§ **RECORDED DATA**
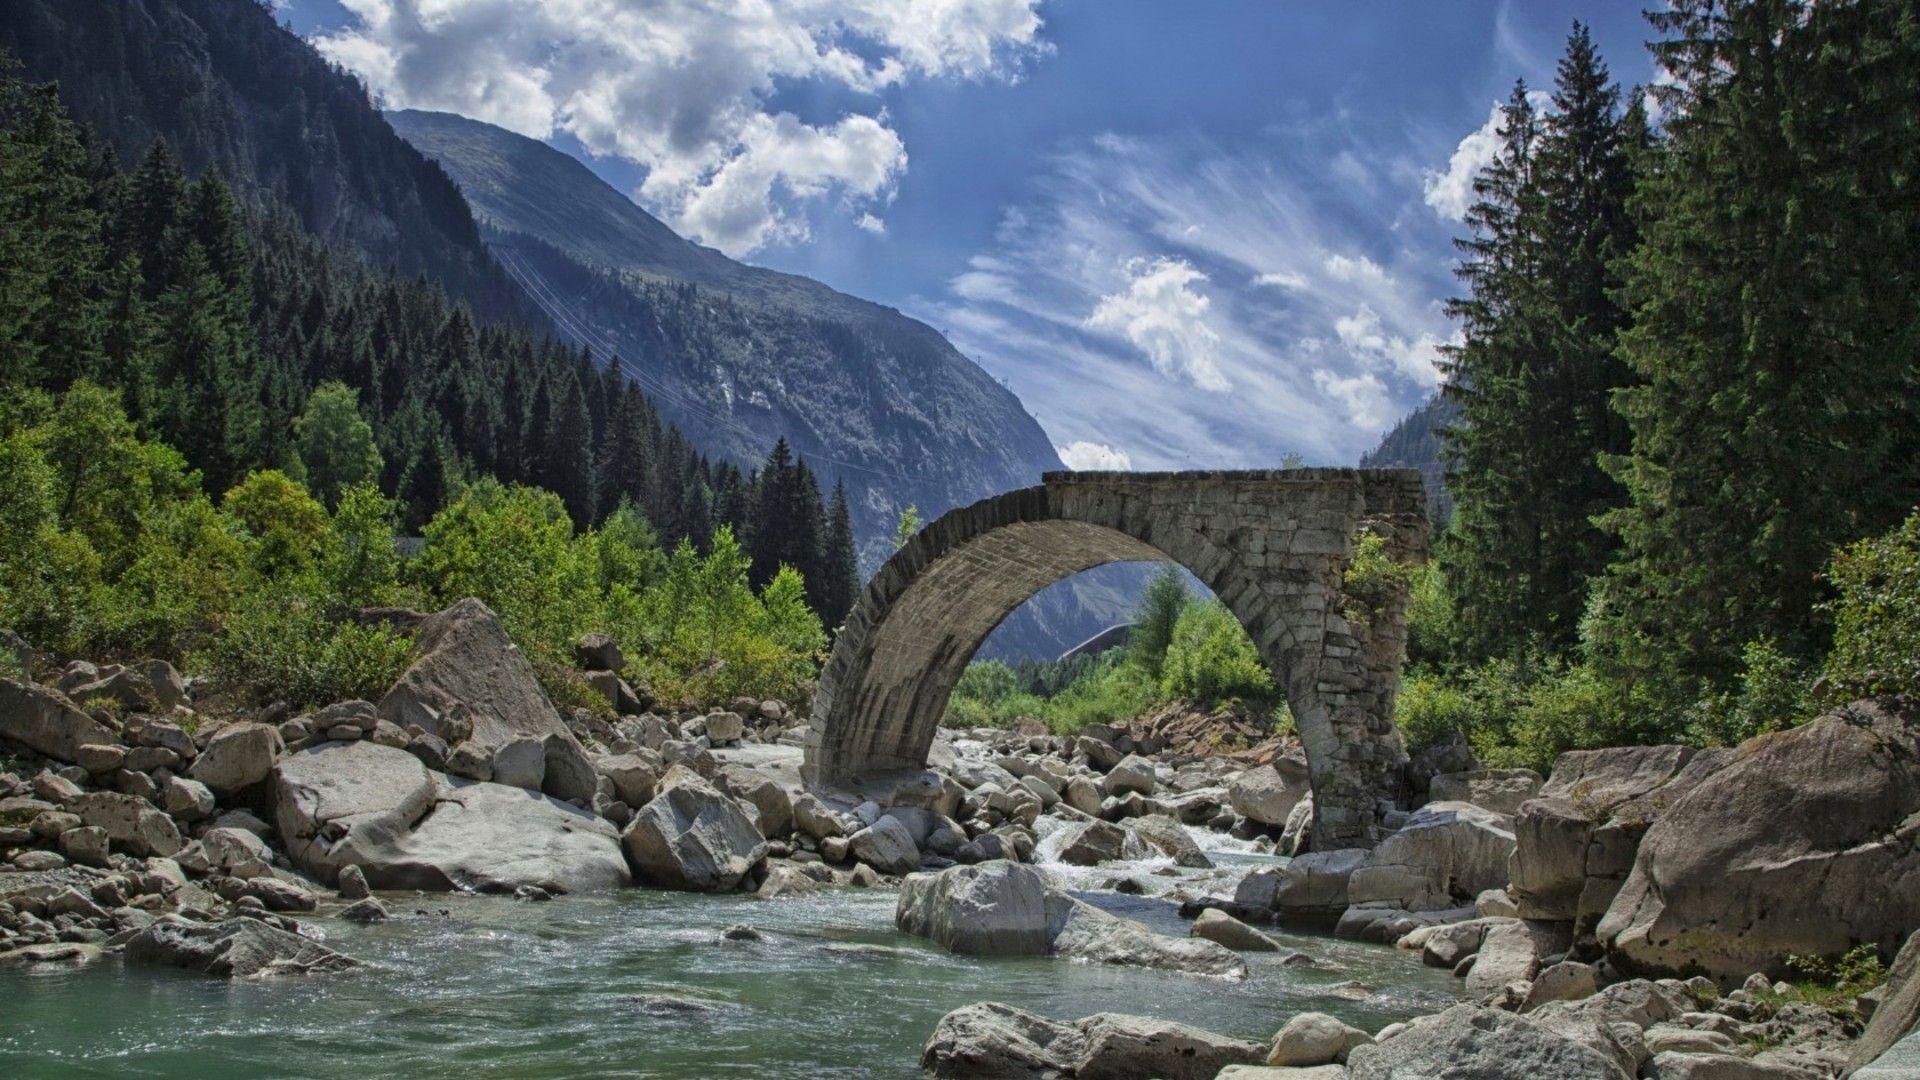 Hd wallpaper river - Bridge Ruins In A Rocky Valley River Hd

* * *

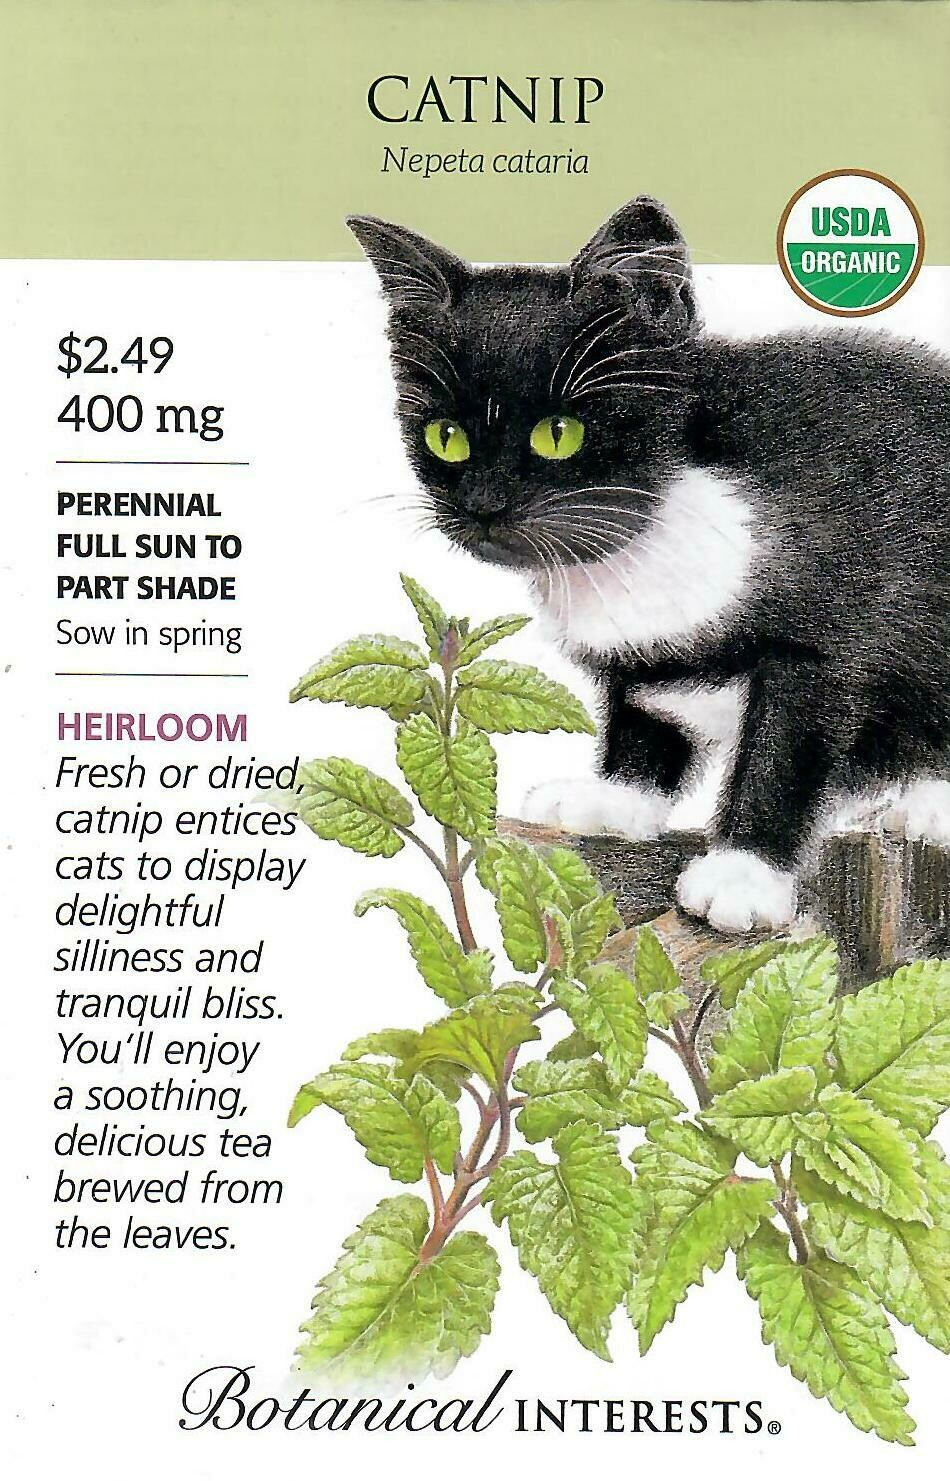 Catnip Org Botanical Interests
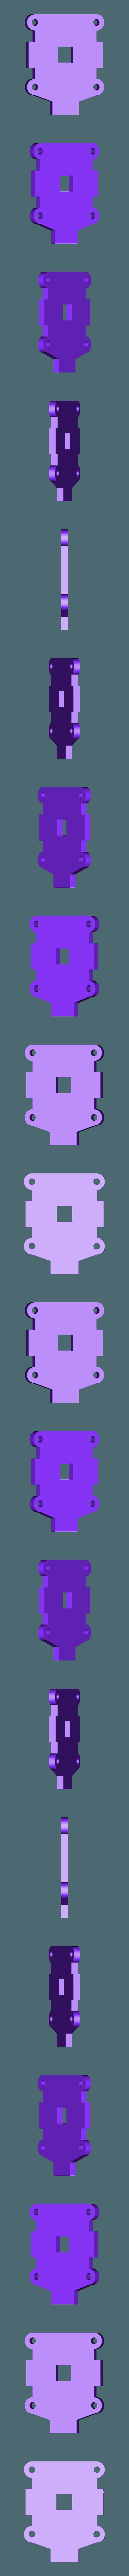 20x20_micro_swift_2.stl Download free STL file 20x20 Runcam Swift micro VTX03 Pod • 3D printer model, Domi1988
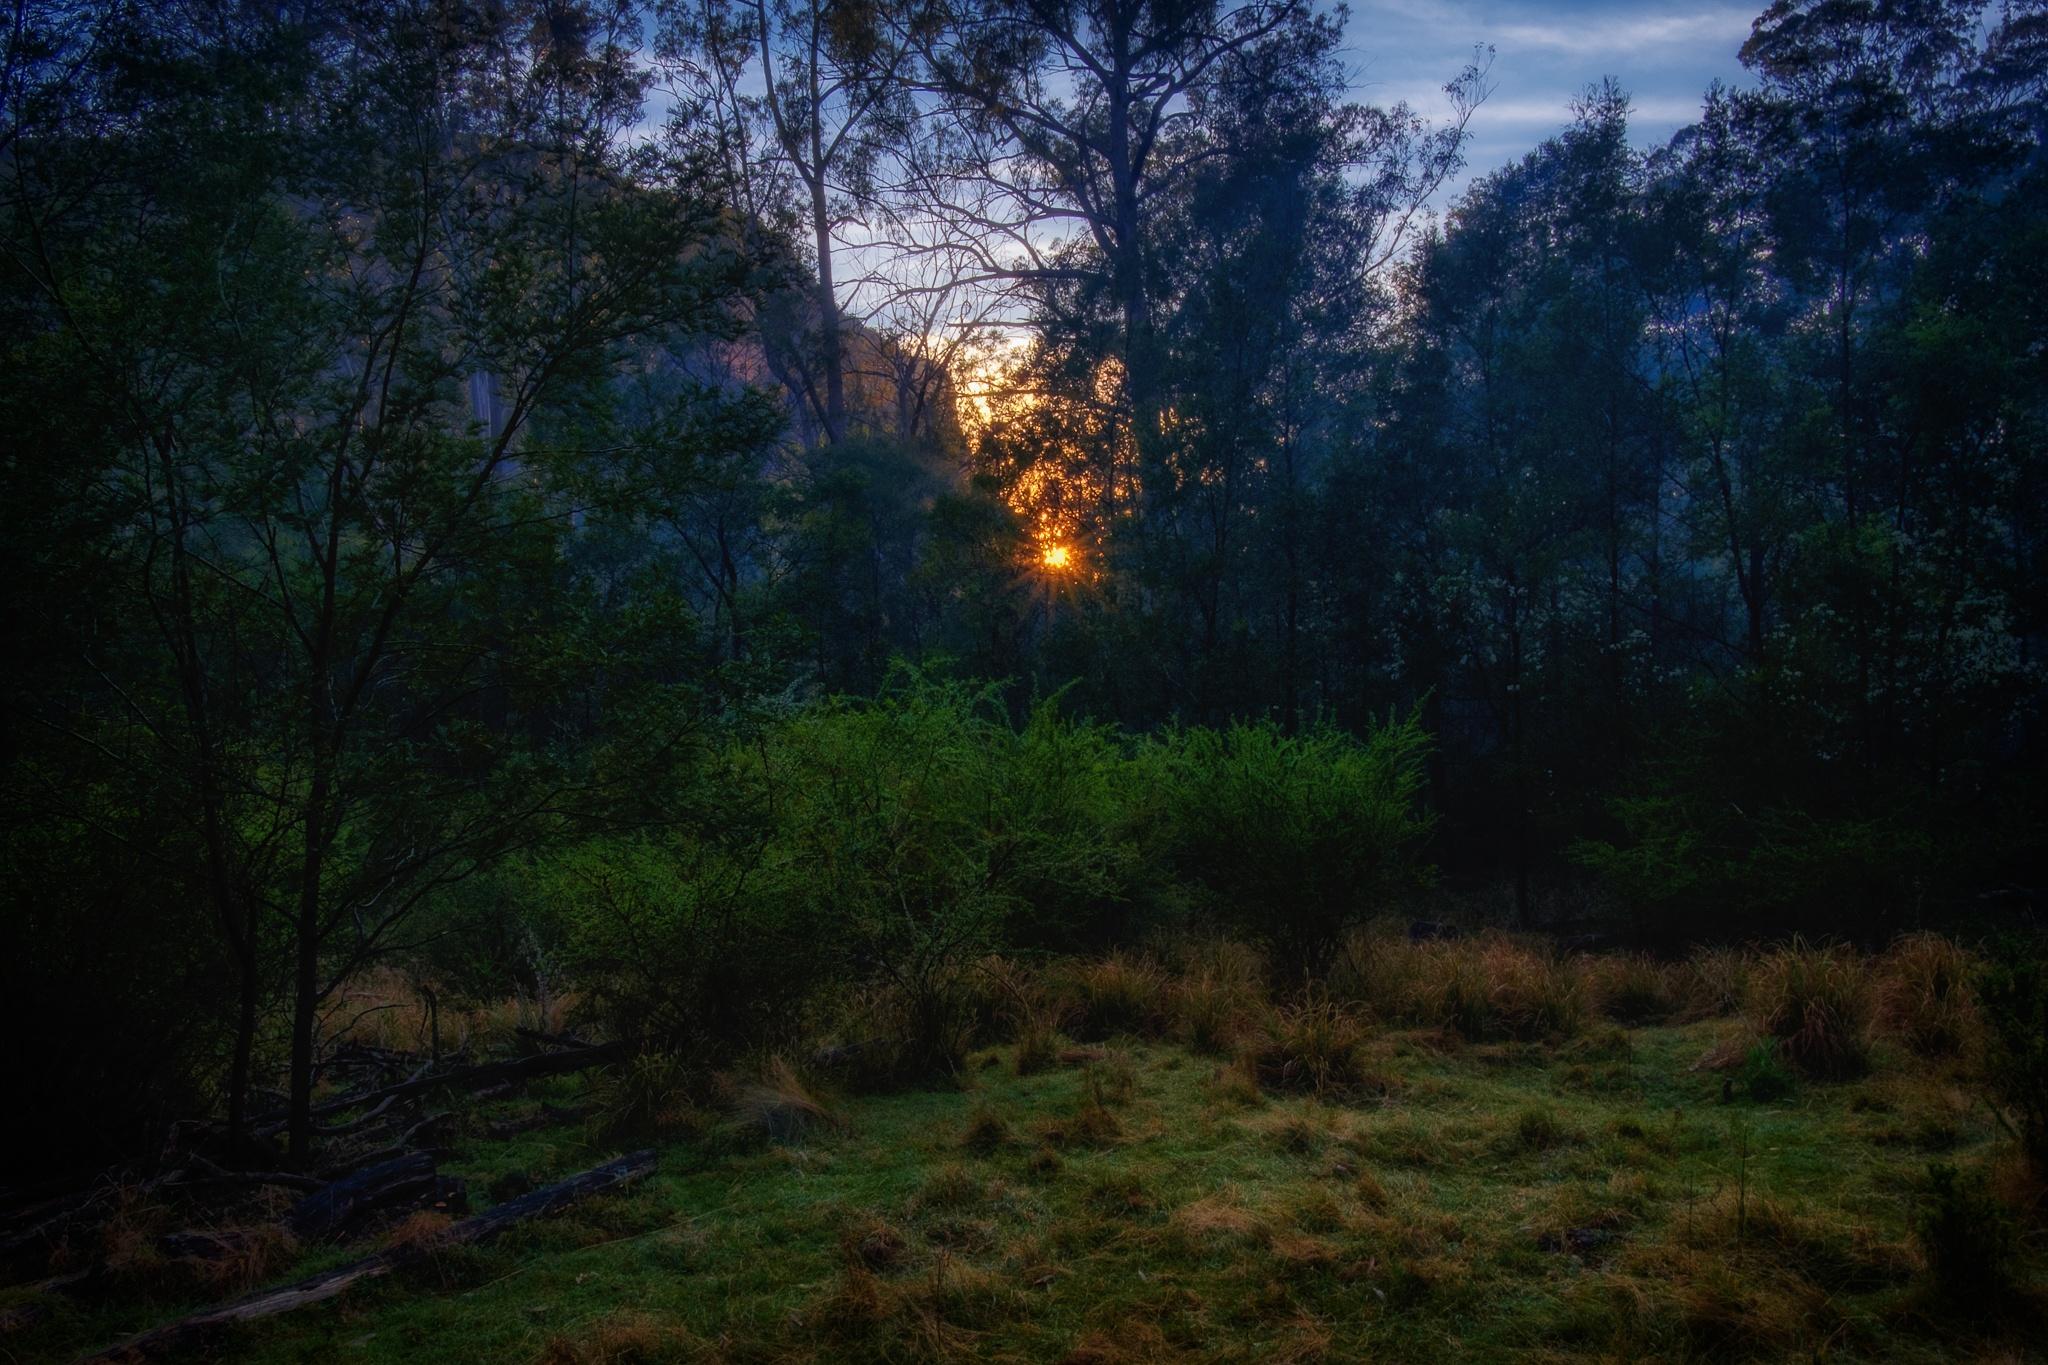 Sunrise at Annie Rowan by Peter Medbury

§ **EXERCISE INSTRUCTIONS**
Word for word, restate the lines above from the one with "Catnip Org Botanical Interests" through the one with "Sunrise at Annie Rowan by Peter Medbury", keeping both ends and dropping the pictures.

§ **RESULT FOR THIS TASK**
 Catnip Org Botanical Interests
 20x20_micro_swift_2.stl Download free STL file 20x20 Runcam Swift micro VTX03 Pod • 3D printer model, Domi1988
 Sunrise at Annie Rowan by Peter Medbury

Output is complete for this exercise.